I was talking to you just the other day

Now it seems you’ve packed up and gone away

While staring outside at this lonely tree

I’m wondering if it could possibly be any more ‘me’

Oh Alice, Oh Love, Oh No

(Verse 2)

There once was a forest

Then sparked The Fire

And the smoke carried cinders of strong desire

To the safe of the hills all The Stallions ran

And I say you can’t leave but you think you can and I knew..
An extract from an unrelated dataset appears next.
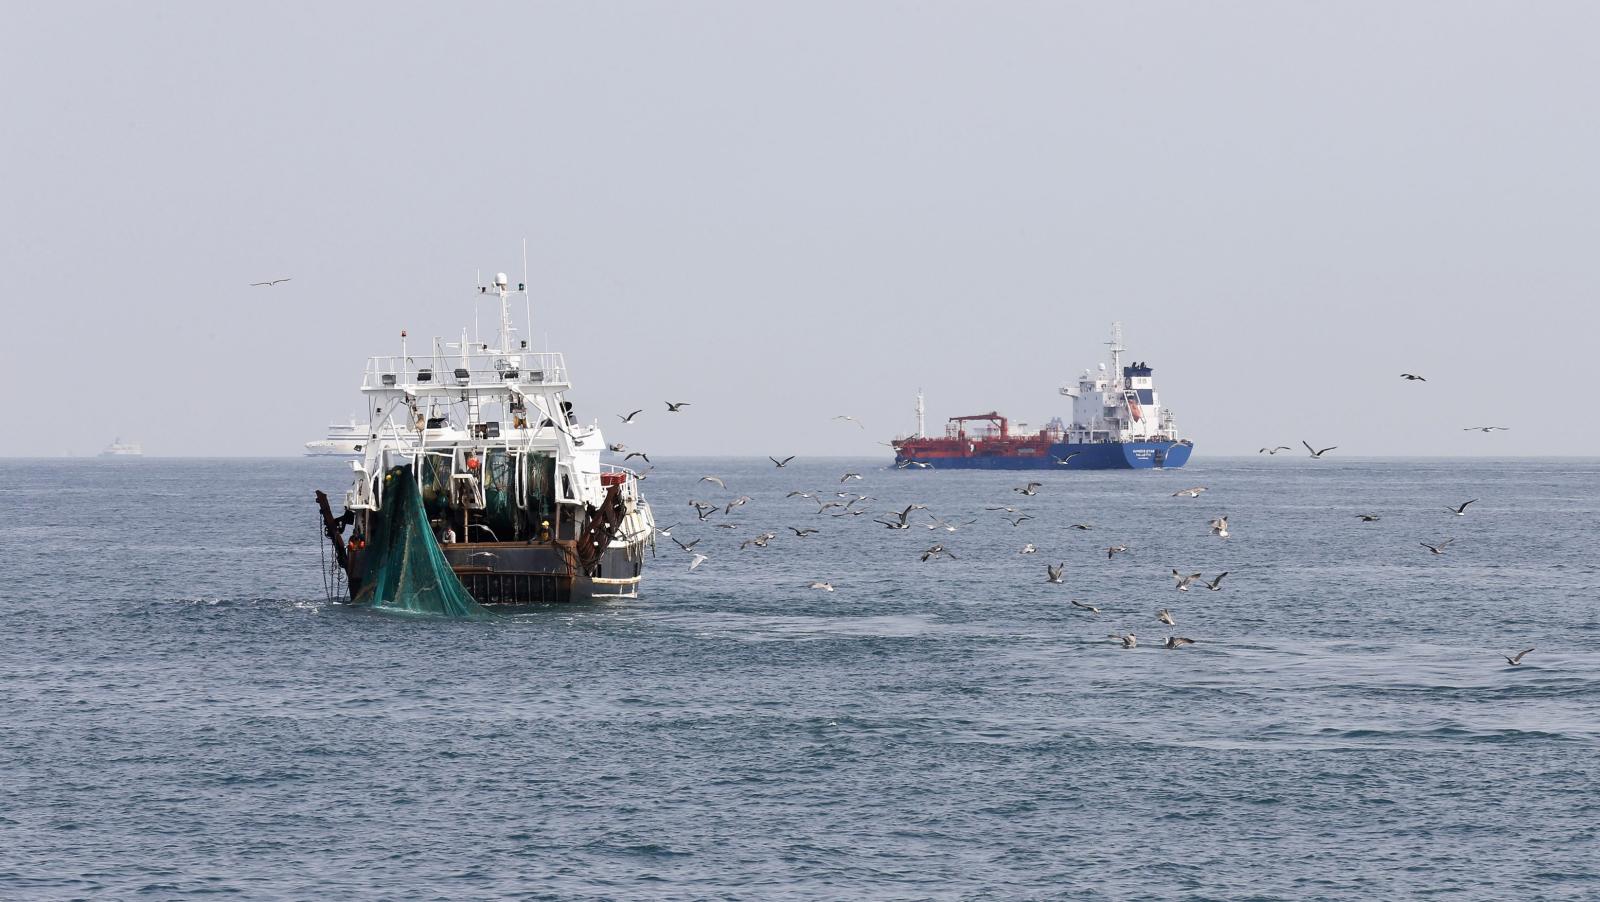 EU Nations Authorized Their Vessels to Unlawfully Fish in African Waters

So far away from here you flew

(Bridge)

They cut down the trees and turned them into wood

And while would can be useful, I don’t think you should

(Chorus)

Because The Mistress predicted

Johnny gave us warning

When you mess with the world that you know and love

You end up facing global warming

And nobody cares about The Bears and The Ocean will boil over in a couple of years

The Grapes will all wither and die

While Ottie Olsen looks into the sky and cries

Halal! Halal! Halal!’

(Verse 3)

This girl Madison thinks you’re pretty neat

She doesn’t know the ground beneath your feet

Is being stolen be Mr Gravedigger

Reminding you that you’re no longer here

So come back, back Fiddly Rack back, Sing Brother, Sing Father Abraham

(Chorus)

Because The Mistress predicted

Johnny gave us warning

When you mess with the world that you know and love

You end up facing global warming

And nobody cares about The Bears and The Ocean will boil over in a couple of years

The Grapes will all wither and die

While Ottie Olsen looks into the sky and cries

Halal! Halal! Halal!’

(Bridge out)

And all this time that you’re away

Don’t forget about the shows we used to play

You may gain an accent and a wife

And I’ll still be here singing your Secret Life…

I think that now I have sufficiently embarrassed myself with corn/cheese worthy rhymes, I shall hit the hay. But not before letting you know that I’m not a basket case of nostalgia. These boys are my family, and YOU, my little girl, are going to have a whole gaggle of wonderful surrogate fathers. You are truly blessed.